The Problem We Solve¶
When AI assistants query your data, they work blind. They see column names and types, but they don't know what the data means.
Consider this scenario: An AI assistant is helping a new analyst understand customer data. Without semantic context:
- "What tables have customer information?" → Returns table names
- "Describe the customers table" → Returns columns and types
- "Is this data up to date?" → Requires separate DataHub query
- "Who should I contact about issues?" → Requires another DataHub query
- "Are there data quality concerns?" → Yet another query
- "Wait, is this table deprecated?" → Finally discovers the table was deprecated months ago
With mcp-data-platform, the first response includes everything:
Table: customers (DEPRECATED - use customers_v2)
─────────────────────────────────────────────────
Owners: Data Platform Team
Domain: Customer Analytics
Tags: pii, gdpr-relevant
Quality Score: 67% (degraded)
Last Updated: 2 weeks ago
Columns:
customer_id BIGINT Unique customer identifier
email VARCHAR Contact email (PII - handle per GDPR policy)

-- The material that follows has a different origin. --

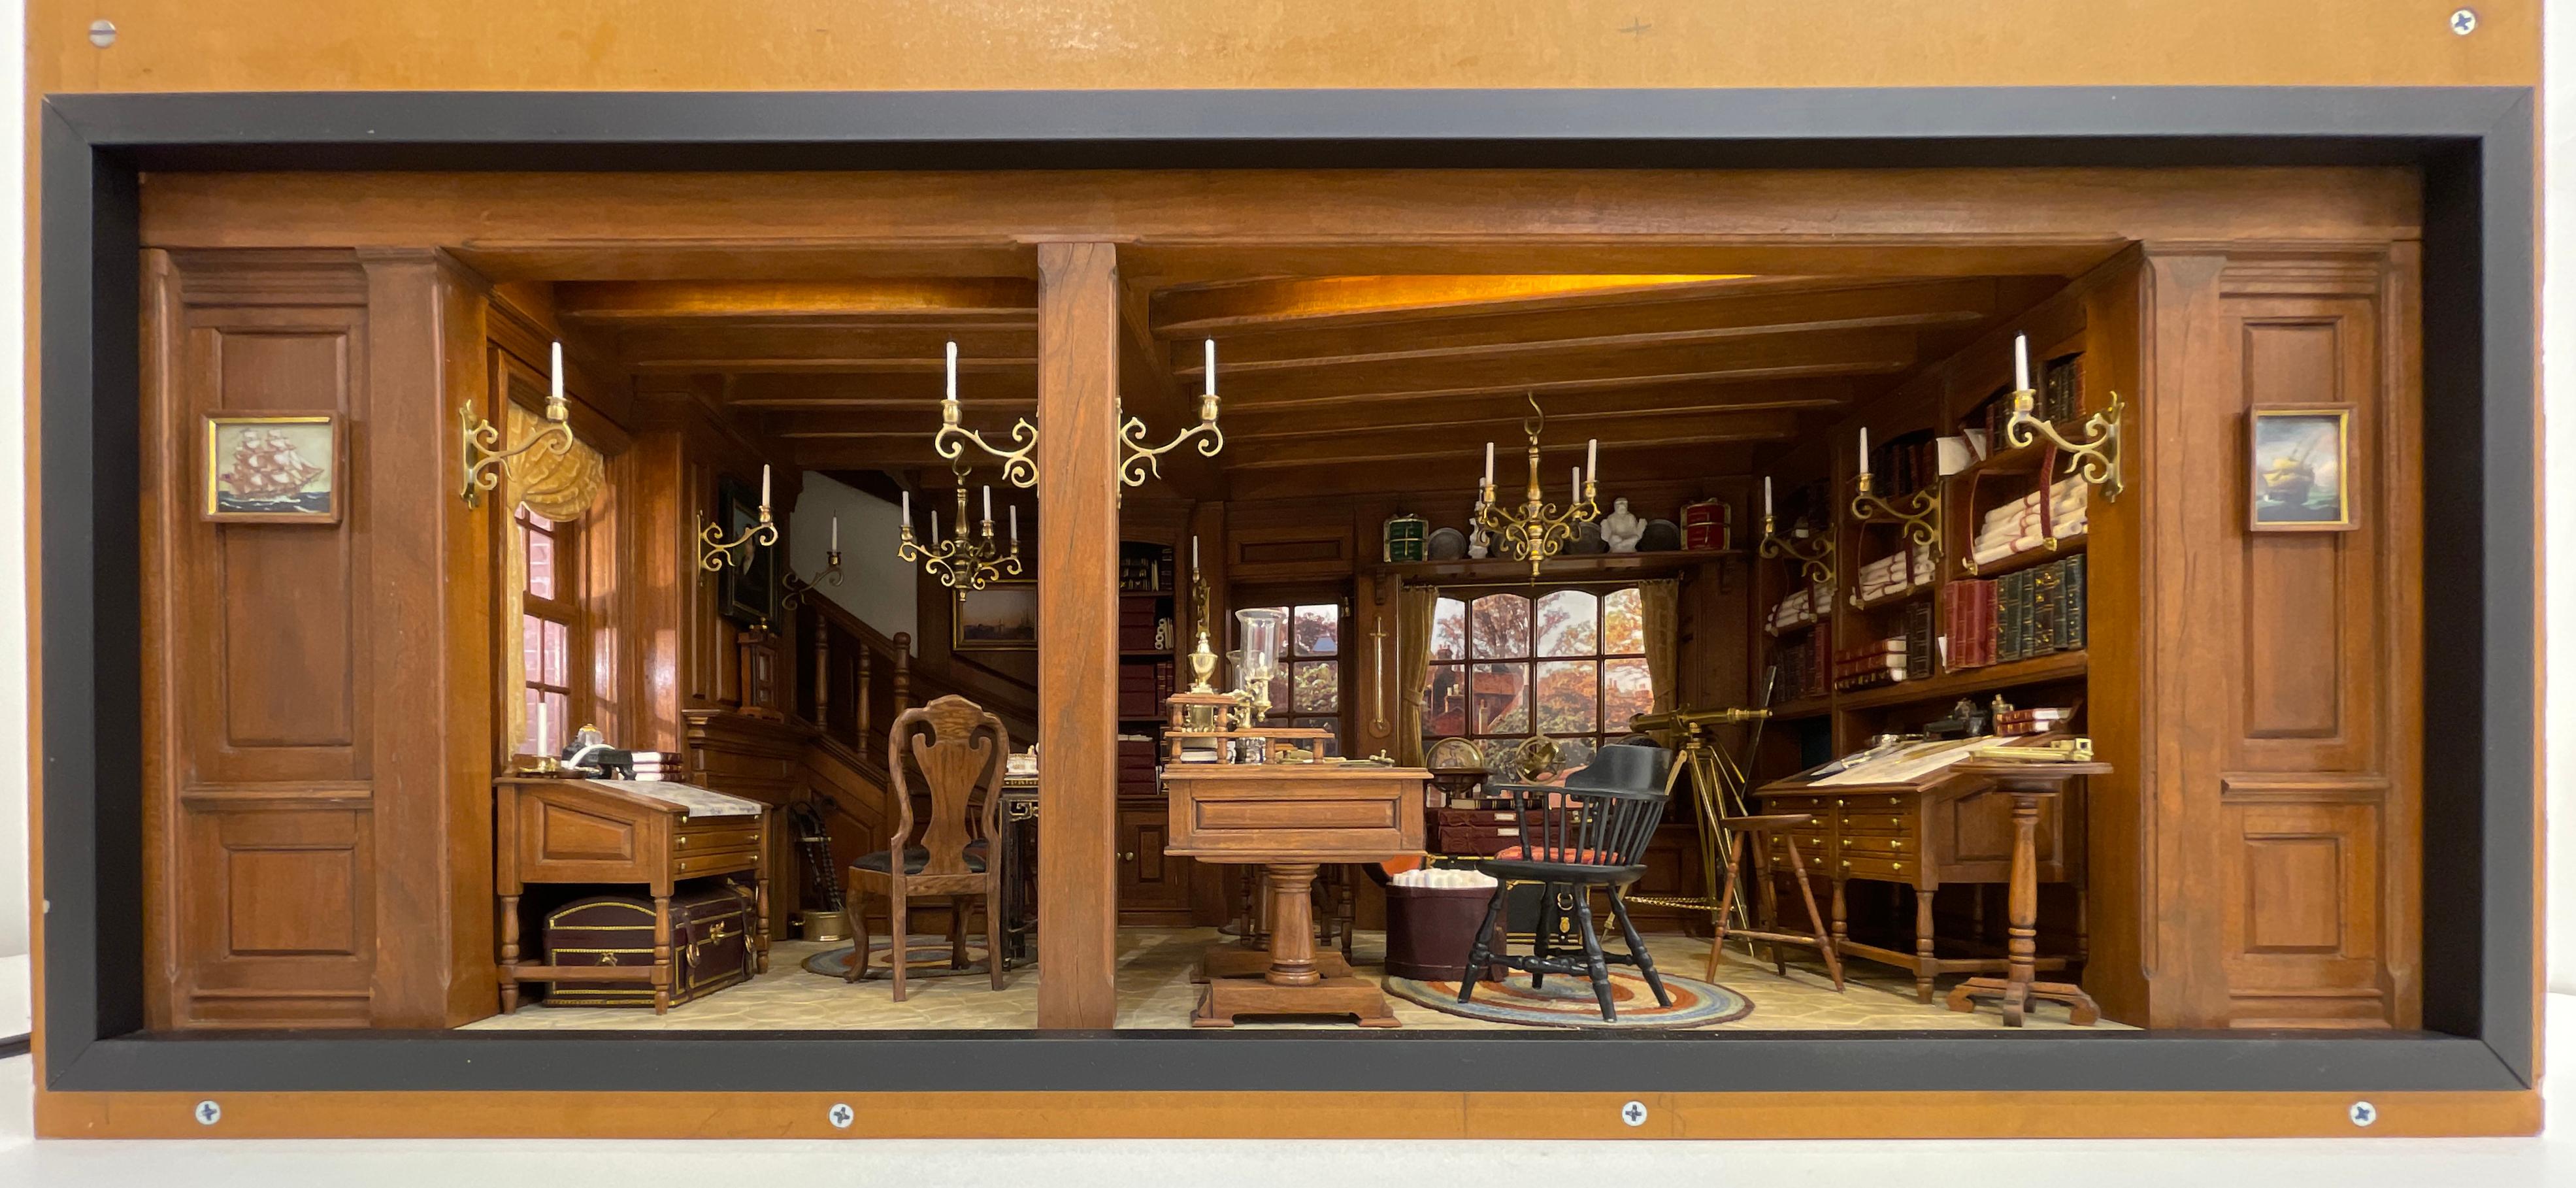 Büro eines Neuengland-Kartografen aus dem 18. Jahrhundert - Kupjack Studios Miniature Room – Sculpture von Henry

created_at TIMESTAMP Account creation timestamp
segment VARCHAR Marketing segment (see glossary: customer-segment)
One call. Complete context. Warnings front and center.
See It In Action¶
Before: Raw Trino Response¶
{
"columns": [
{"name": "customer_id", "type": "BIGINT"},
{"name": "email", "type": "VARCHAR"},
{"name": "segment", "type": "VARCHAR"}
]
}
Just structure. No meaning. No warnings. No ownership.
After: Enriched Response with mcp-data-platform¶
{
"columns": [
{"name": "customer_id", "type": "BIGINT"},
{"name": "email", "type": "VARCHAR"},
{"name": "segment", "type": "VARCHAR"}
],
"semantic_context": {
"description": "Core customer records with PII data",
"deprecation": {
"deprecated": true,
"note": "Use customers_v2 for GDPR compliance",
"replacement": "urn:li:dataset:customers_v2"
},
"owners": [
{"name": "Data Platform Team", "type": "group", "email": "[email protected]"}
],
"tags": ["pii", "gdpr-relevant"],
"domain": {"name": "Customer Analytics", "urn": "urn:li:domain:customer"},
"quality_score": 0.67,
"columns": {
"customer_id": {"description": "Unique customer identifier", "tags": []},
"email": {"description": "Contact email", "tags": ["pii"], "glossary_term": "customer-email"},
"segment": {"description": "Marketing segment", "glossary_term": "customer-segment"}
}
}
}
The AI assistant now knows:
- This table is deprecated with a clear migration path
- It contains PII requiring special handling
- Who to contact when something is wrong
- The data quality has degraded (67%)
- What each column actually means
How It Works¶
sequenceDiagram
participant AI as AI Assistant
participant P as mcp-data-platform
participant T as Trino
participant D as DataHub
AI->>P: trino_describe_table "customers"
P->>T: DESCRIBE customers
T-->>P: columns, types
P->>D: Get semantic context
D-->>P: description, owners, tags, quality, deprecation
P-->>AI: Schema + Full Business Context
The enrichment middleware intercepts tool responses and adds semantic context before returning to the client. This cross-injection works in both directions:
| When you use | You also get |
|---|---|
| Trino | DataHub metadata (owners, tags, quality, deprecation) |
| DataHub search | Which datasets are queryable in Trino |
| S3 | DataHub metadata for matching datasets |
Lineage-Aware Inheritance¶
Downstream datasets often lack documentation even when their upstream sources are well-documented. The platform automatically inherits column metadata from upstream tables via DataHub lineage.
sequenceDiagram
participant AI as AI Assistant
participant P as mcp-data-platform
participant D as DataHub
AI->>P: trino_describe_table "elasticsearch.sales"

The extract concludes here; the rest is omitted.